WHAT TO PRODUCE: Once the images are set aside, print the remaining lines below exactly.

RECORDED DATA:
--- --- ---

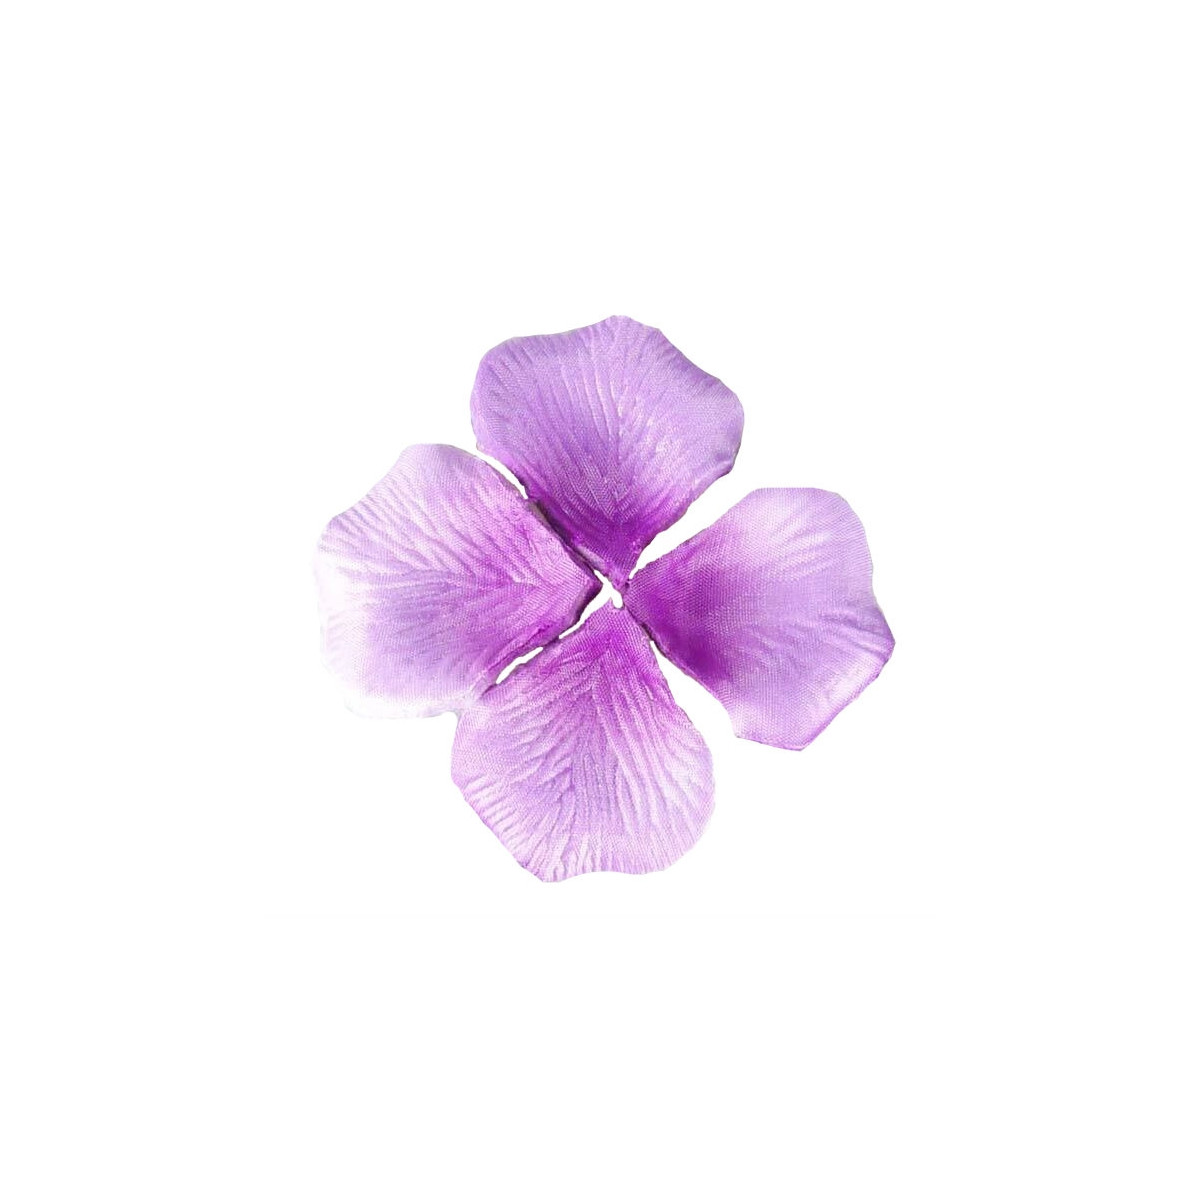 Petale de fleur mariage decoration pas cher lilas
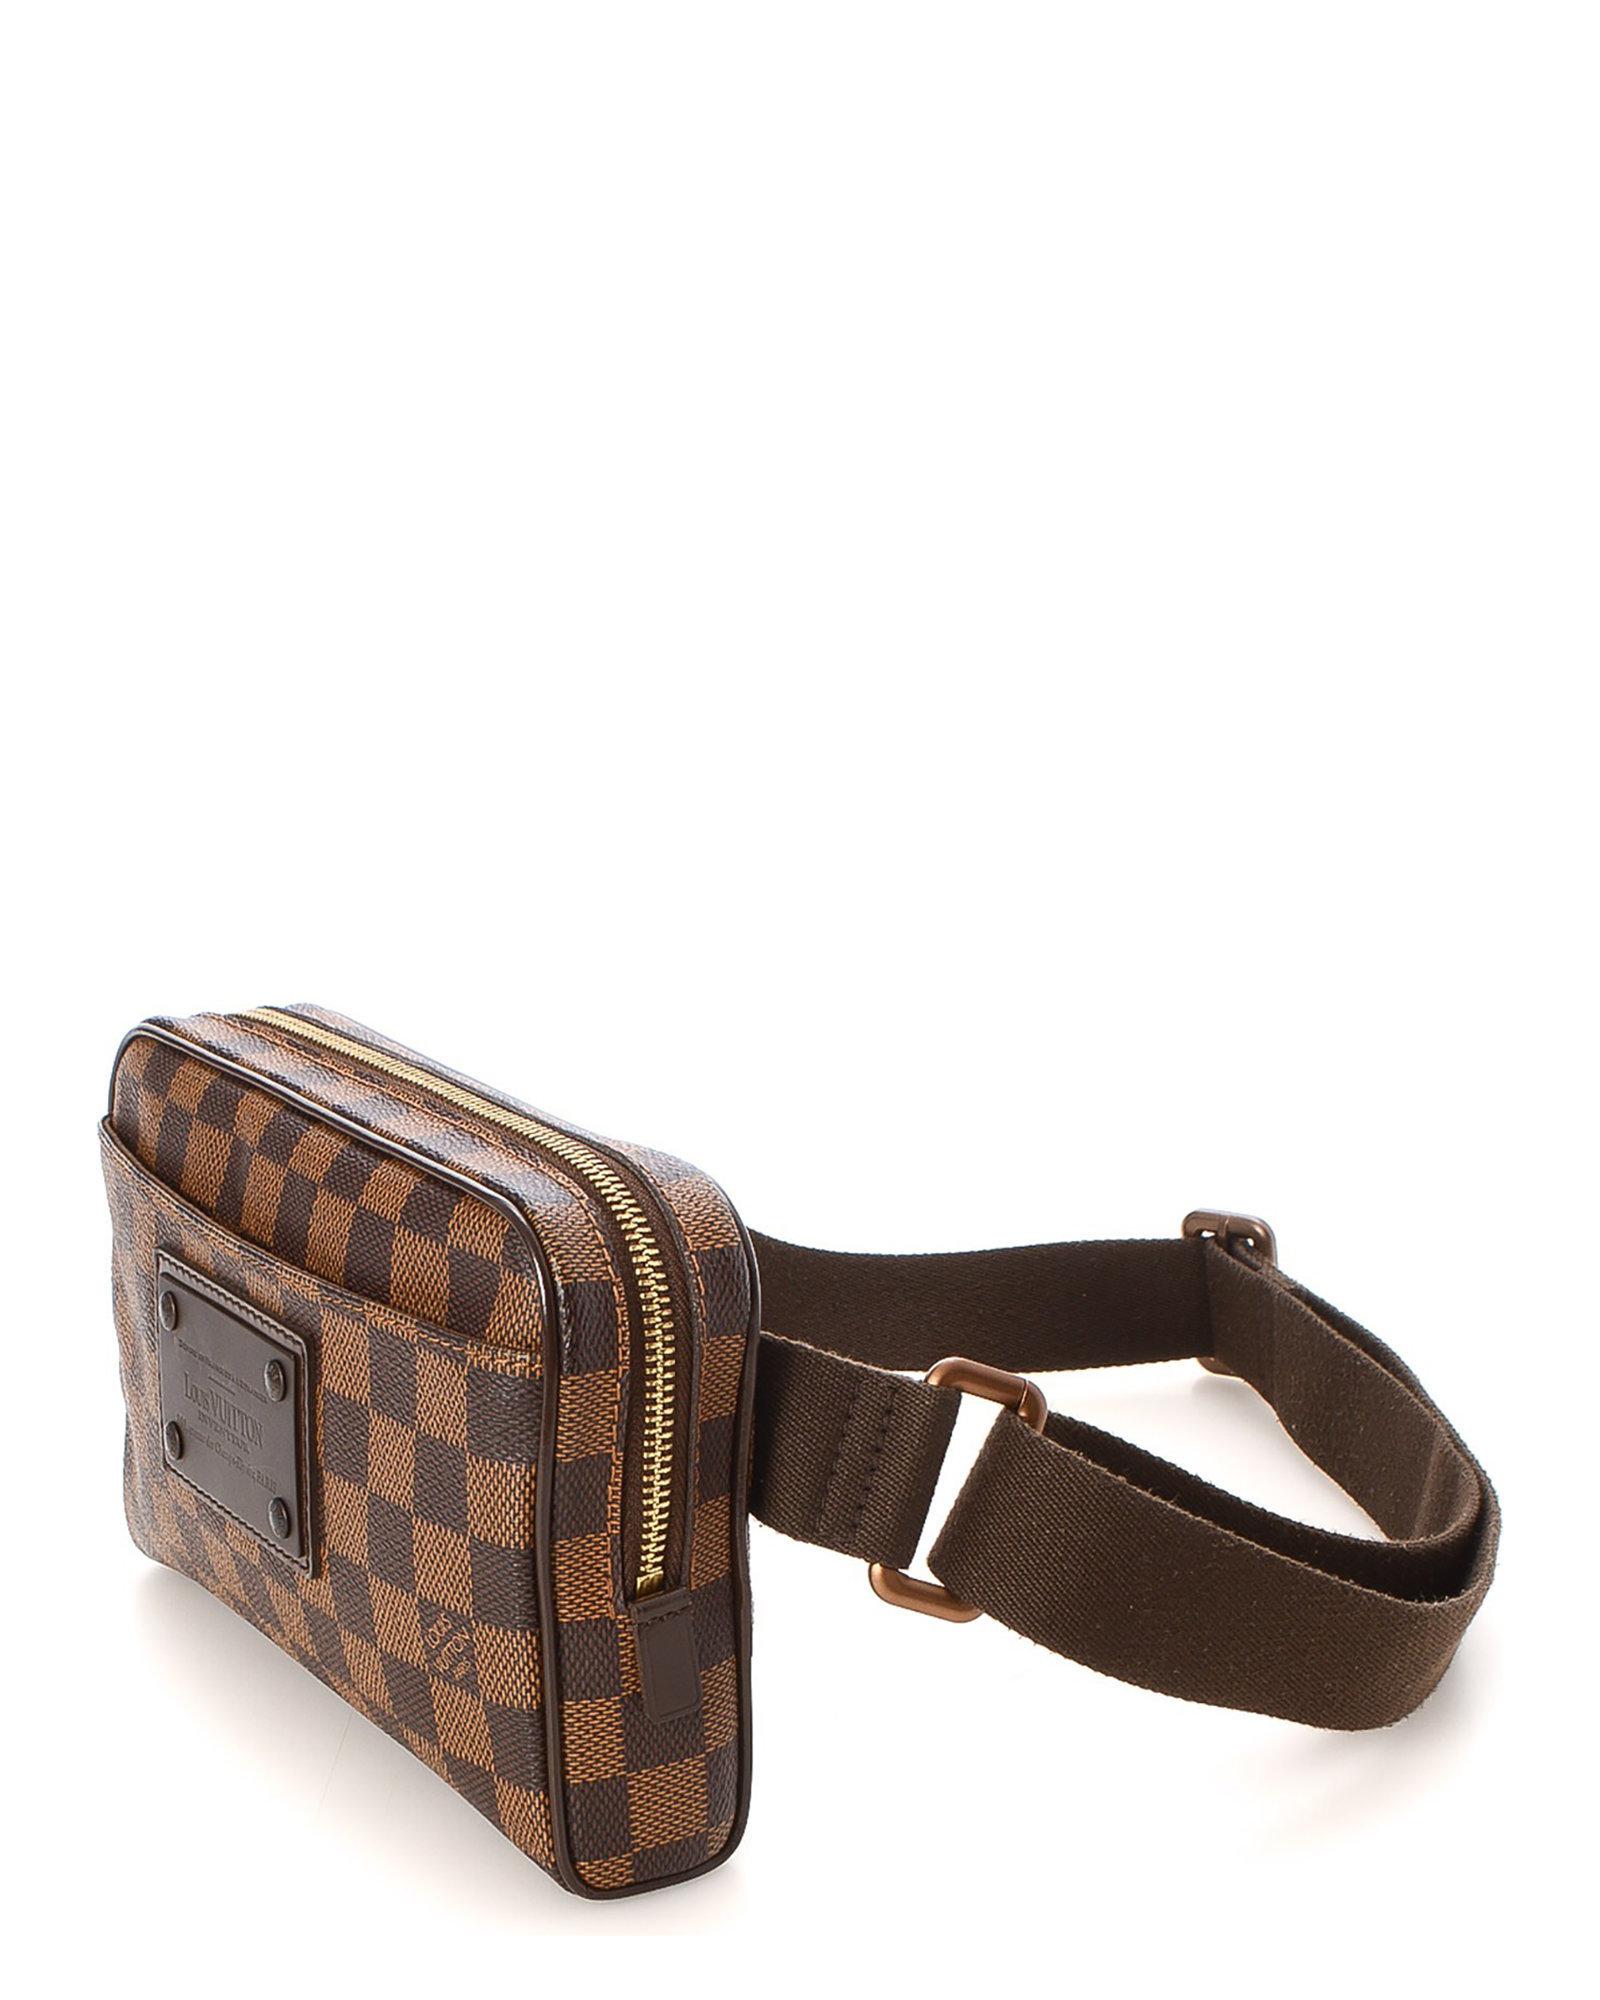 bag: Louis Vuitton Waist Belt Bag Damier Ebene
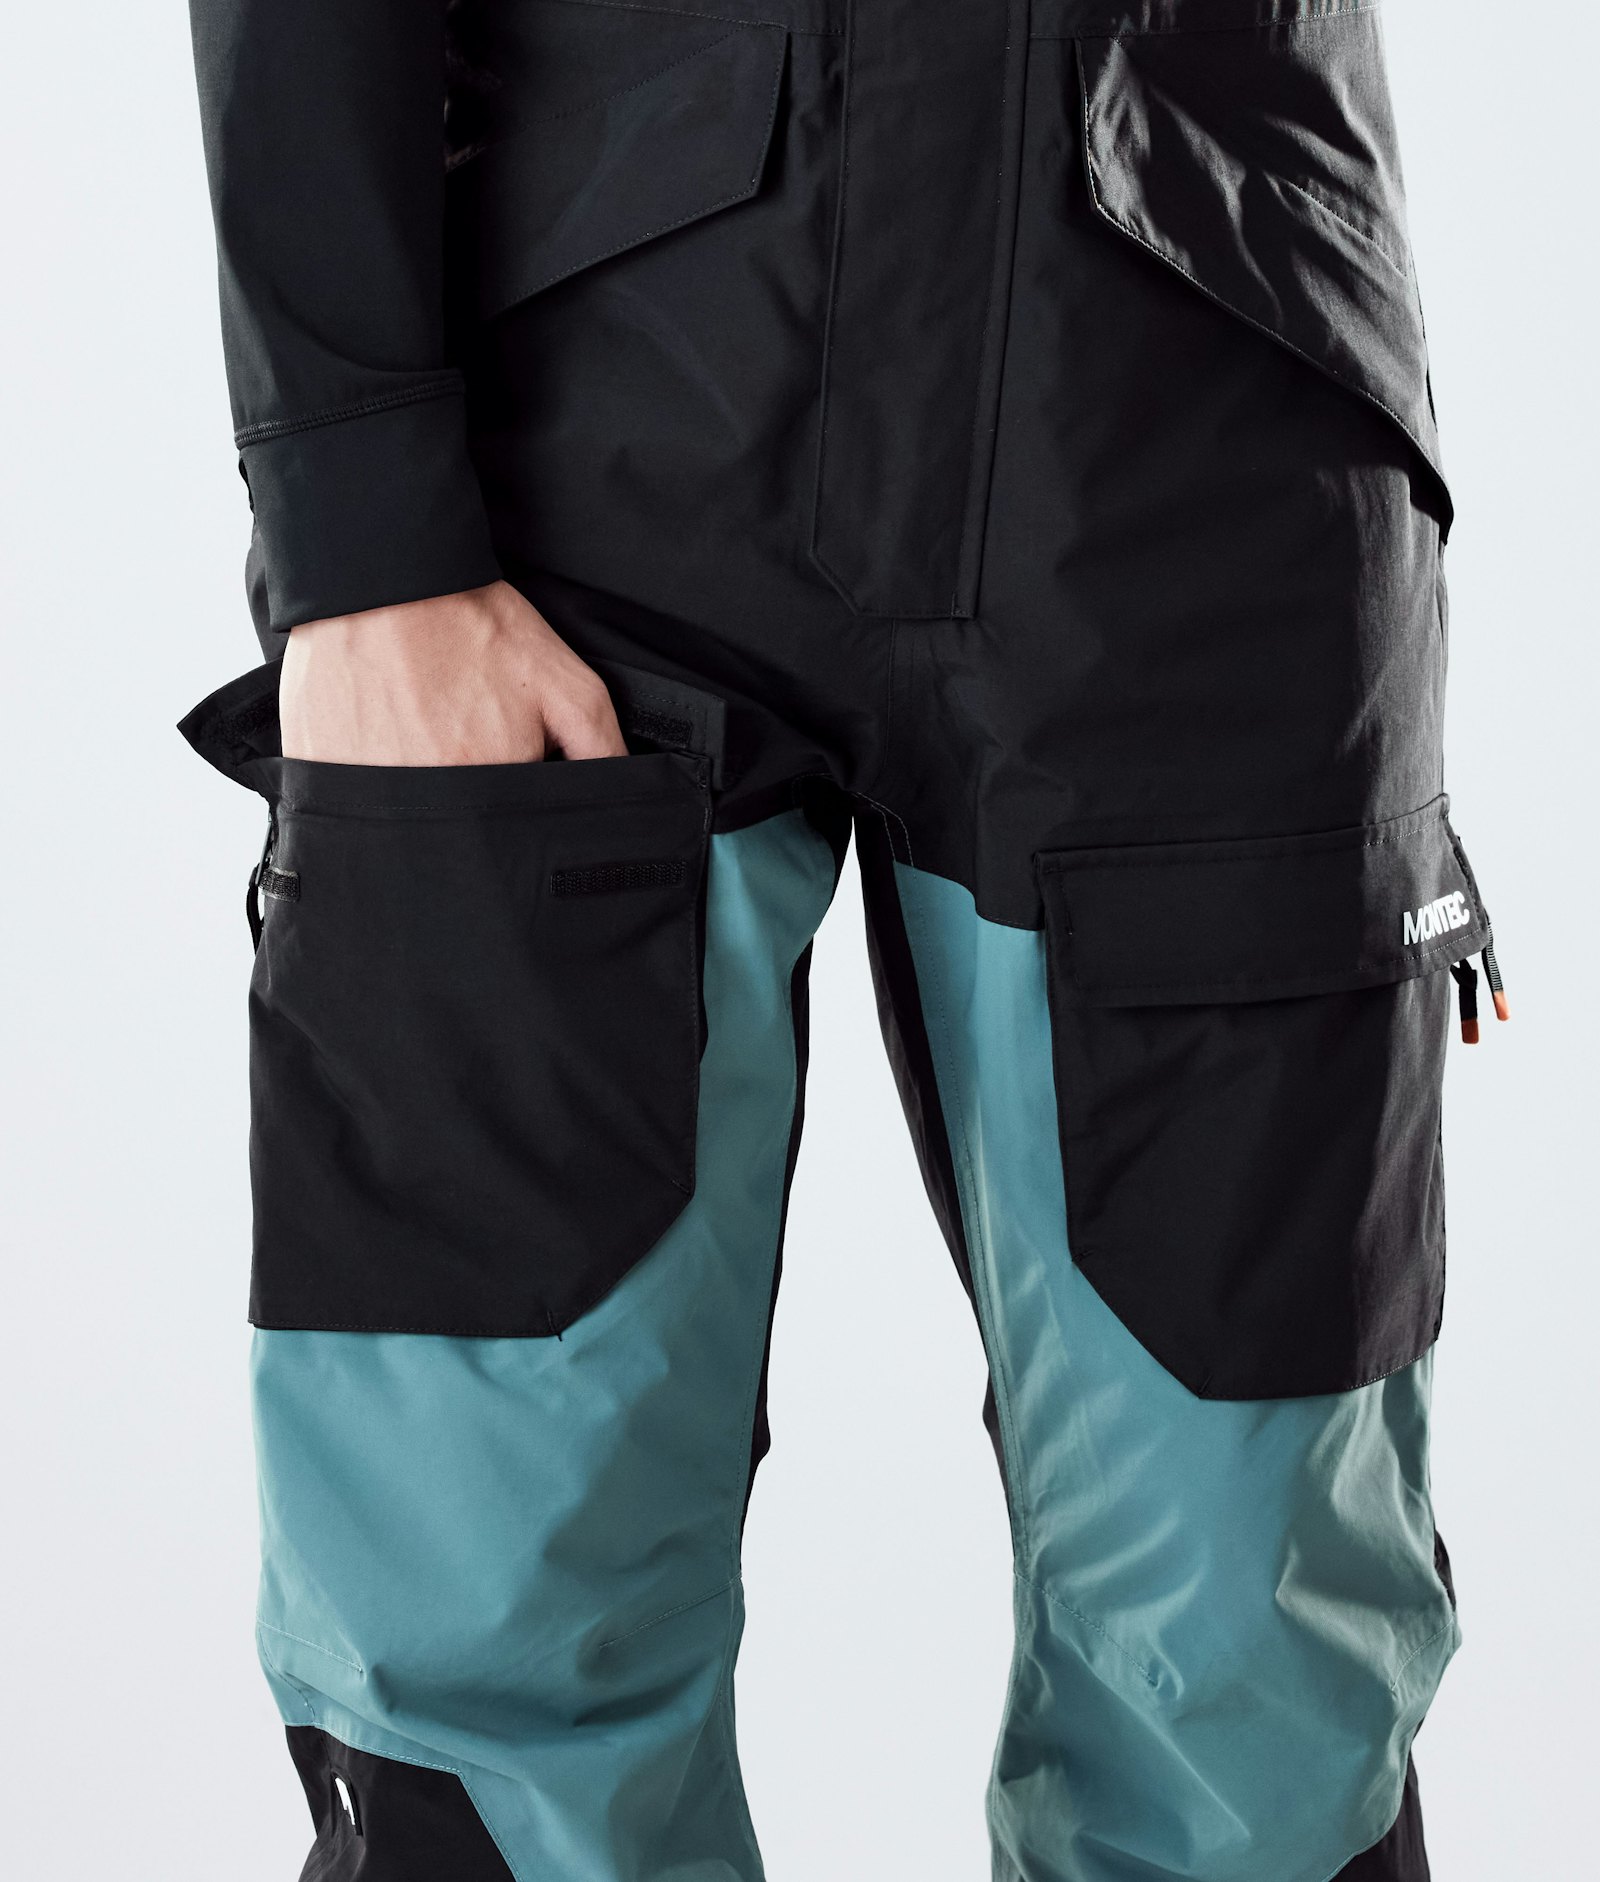 Montec Fawk 2020 Pantaloni Snowboard Uomo Black/Atlantic

--- --- ---

WORKED SOLUTION:
 Petale de fleur mariage decoration pas cher lilas
 bag: Louis Vuitton Waist Belt Bag Damier Ebene
 Montec Fawk 2020 Pantaloni Snowboard Uomo Black/Atlantic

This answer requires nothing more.